In Alaska, it's legal to shoot a bear. But it's illegal to wake one up to take a photo. In the UK, it's technically an act of treason to place a postage stamp with the King's head upside down. These aren't jokes. These are real laws. And they're just the beginning.
Every country has laws that made sense at some point in history. But history moved on — and the laws didn't. They're still on the books, technically enforceable, and absolutely bizarre. We dug through legal codes from every continent to find the strangest laws that still exist in 2026. Some will make you laugh. Some will make you wonder who hurt the legislators.
Let's start in the United States, the undisputed champion of weird laws.
In Alabama, it's illegal to wear a fake mustache in church if it causes laughter. Apparently, someone once disrupted a service so badly they made a law about it.
In Arizona, donkeys cannot sleep in bathtubs. This dates back to a 1924 incident where a rancher's donkey fell asleep in a bathtub, a dam broke, and the donkey floated through town in the tub on a wave of floodwater. Instead of moving the donkey, they made it illegal.

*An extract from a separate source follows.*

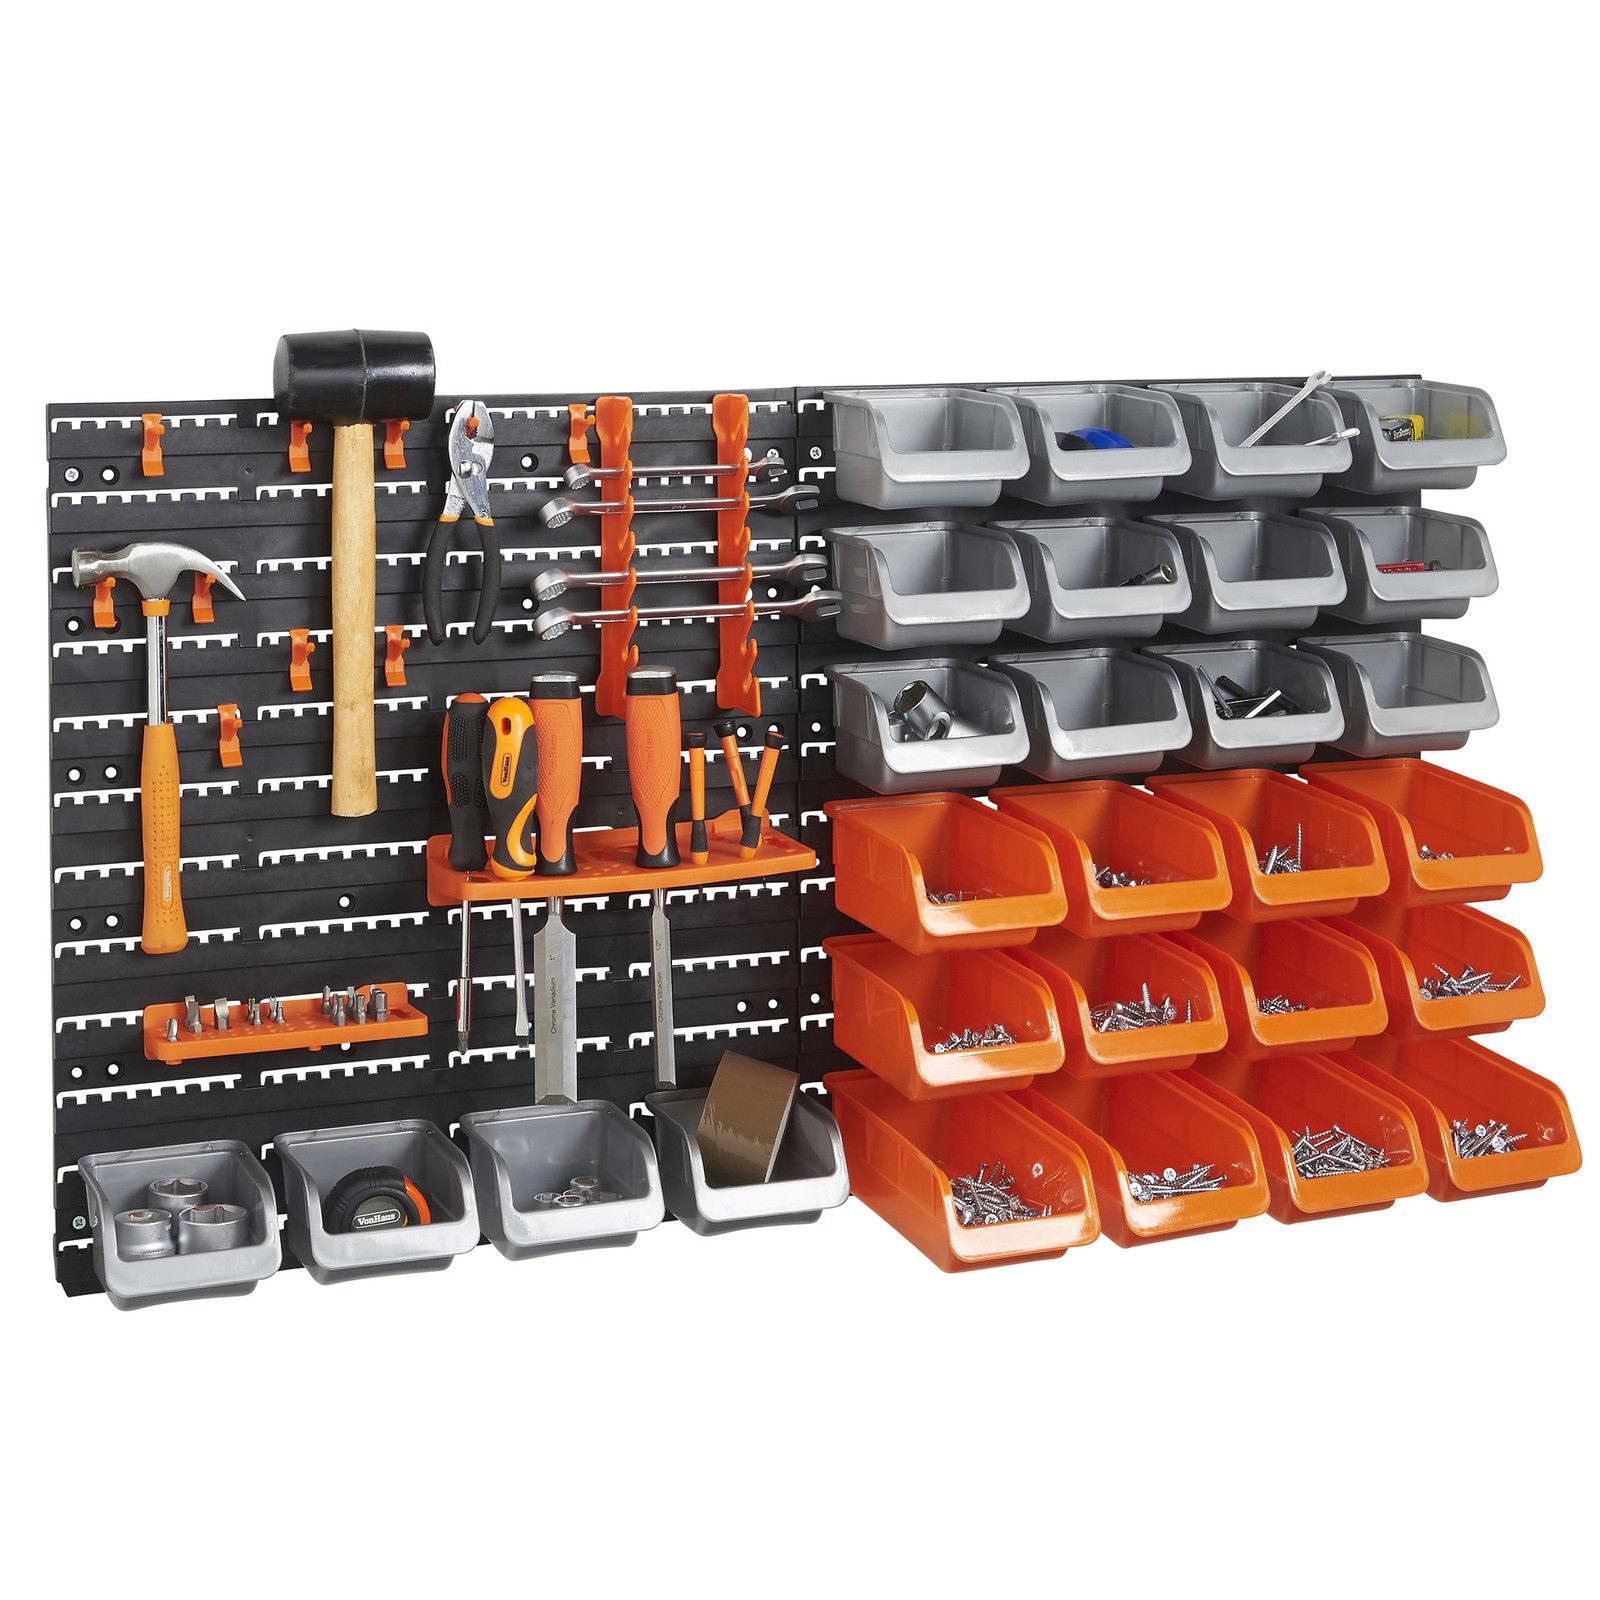 VonHaus 44pc Storage Bin & Hook Set £15.99 delivered + 2 Year Guarantee @ Domu eBay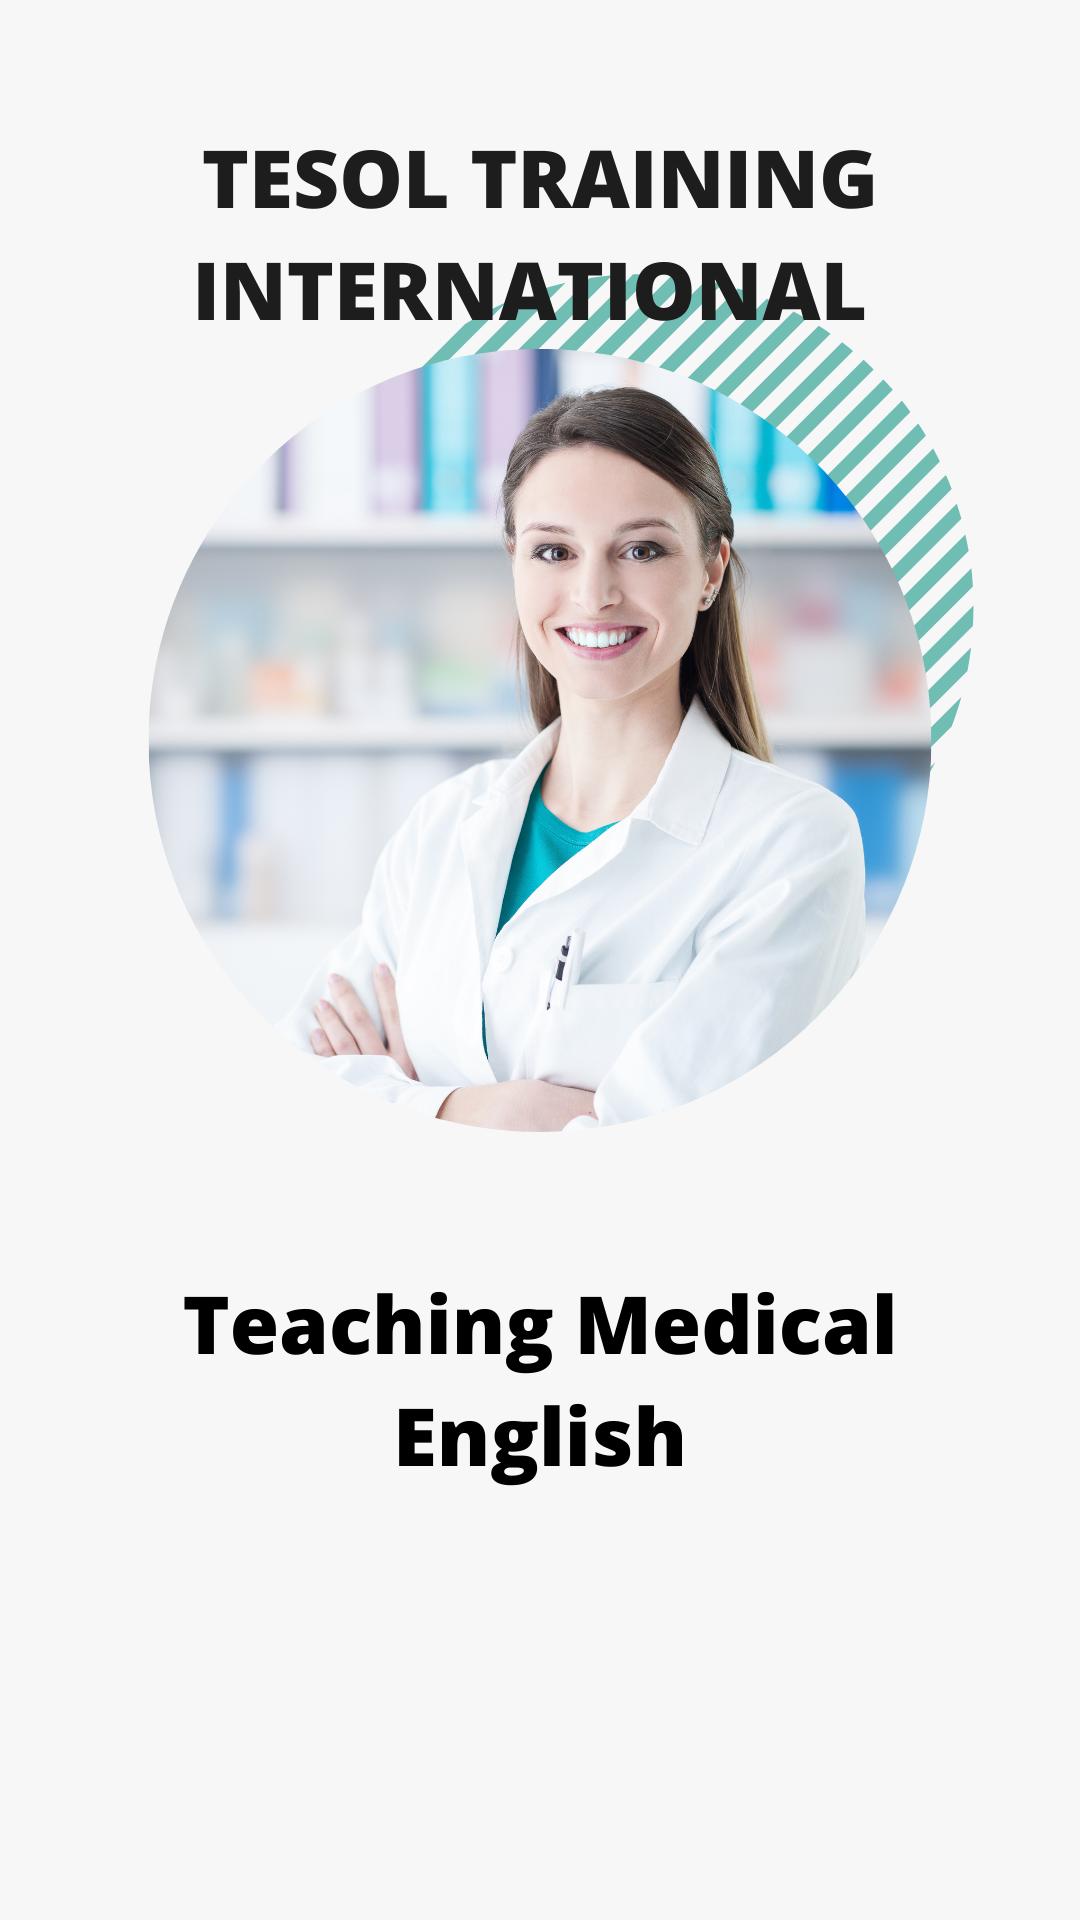 Teaching Medical English

In Georgia, it's against the law to tie a giraffe to a telephone pole or street lamp. The fact that this needed to be specified raises several questions.
In Indiana, Pi is — well, almost was — legally 3.2. In 1897, a state legislator tried to pass a bill legally redefining the mathematical constant Pi. It nearly passed. A mathematics professor who happened to be visiting the statehouse intervened just in time.
And in Florida — because of course Florida — if an elephant is left tied to a parking meter, the owner must pay the same parking fee as a car. The law is still technically enforceable.
The United Kingdom has centuries of laws piled on top of each other, and nobody's cleaned up.
It is technically illegal to be drunk in a pub. The 1872 Licensing Act makes it an offense to be drunk on any licensed premises. The very place designed to make you drunk... won't legally allow you to be drunk.
Under a 1986 law, it's illegal to handle a salmon under suspicious circumstances. What counts as suspicious? The law doesn't clearly define it. But if you're holding a fish and looking shifty, you could theoretically be arrested.
In the city of Chester, you're technically allowed to shoot a Welsh person with a bow and arrow inside the city walls after midnight. This medieval law was never officially repealed. Obviously, modern law overrides it, but it's still technically there.
And dying in the Houses of Parliament is supposedly illegal. The reasoning? Anyone who dies there would be entitled to a state funeral. While historians debate whether this is actually written law, the fact that it's widely believed says everything about British legislative history.
But weird laws aren't just an English-speaking phenomenon.
In Switzerland, it's illegal to flush a toilet after 10 PM in apartment buildings. Noise pollution laws are taken so seriously that flushing a toilet counts as a disturbance to your neighbors' peace.
In Thailand, stepping on money is illegal. Because Thai currency features the King's face, stepping on it is considered an act of disrespect to the monarchy — and lèse-majesté laws carry serious prison time.
In France, it was illegal to name a pig Napoleon. This stems from laws designed to prevent insults to past rulers. And reportedly, you technically need the government's approval to name your child — registrars can reject names they consider not in the child's interest.
In Japan, obesity is effectively regulated. The Metabo Law requires companies and local governments to measure the waistlines of citizens over 40. If your waistline exceeds the limit — 85 centimeters for men, 90 for women — your employer or local government could face financial penalties.
In Singapore, selling or importing chewing gum has been illegal since 1992. The prime minister banned it after gum was used to jam the doors of the new mass transit system. Therapeutic gum was later allowed, but only with a prescription.
Here's the thing most people don't realize. These laws aren't just funny relics. They reveal how lawmaking actually works. Laws are almost never removed from the books — they're just overridden by newer ones. The legal code in most countries is a geological record of every panic, incident, and cultural anxiety that was ever important enough to legislate.
Every weird law was once someone's emergency. And somewhere right now, a legislator is writing a law that will seem absolutely insane in 200 years.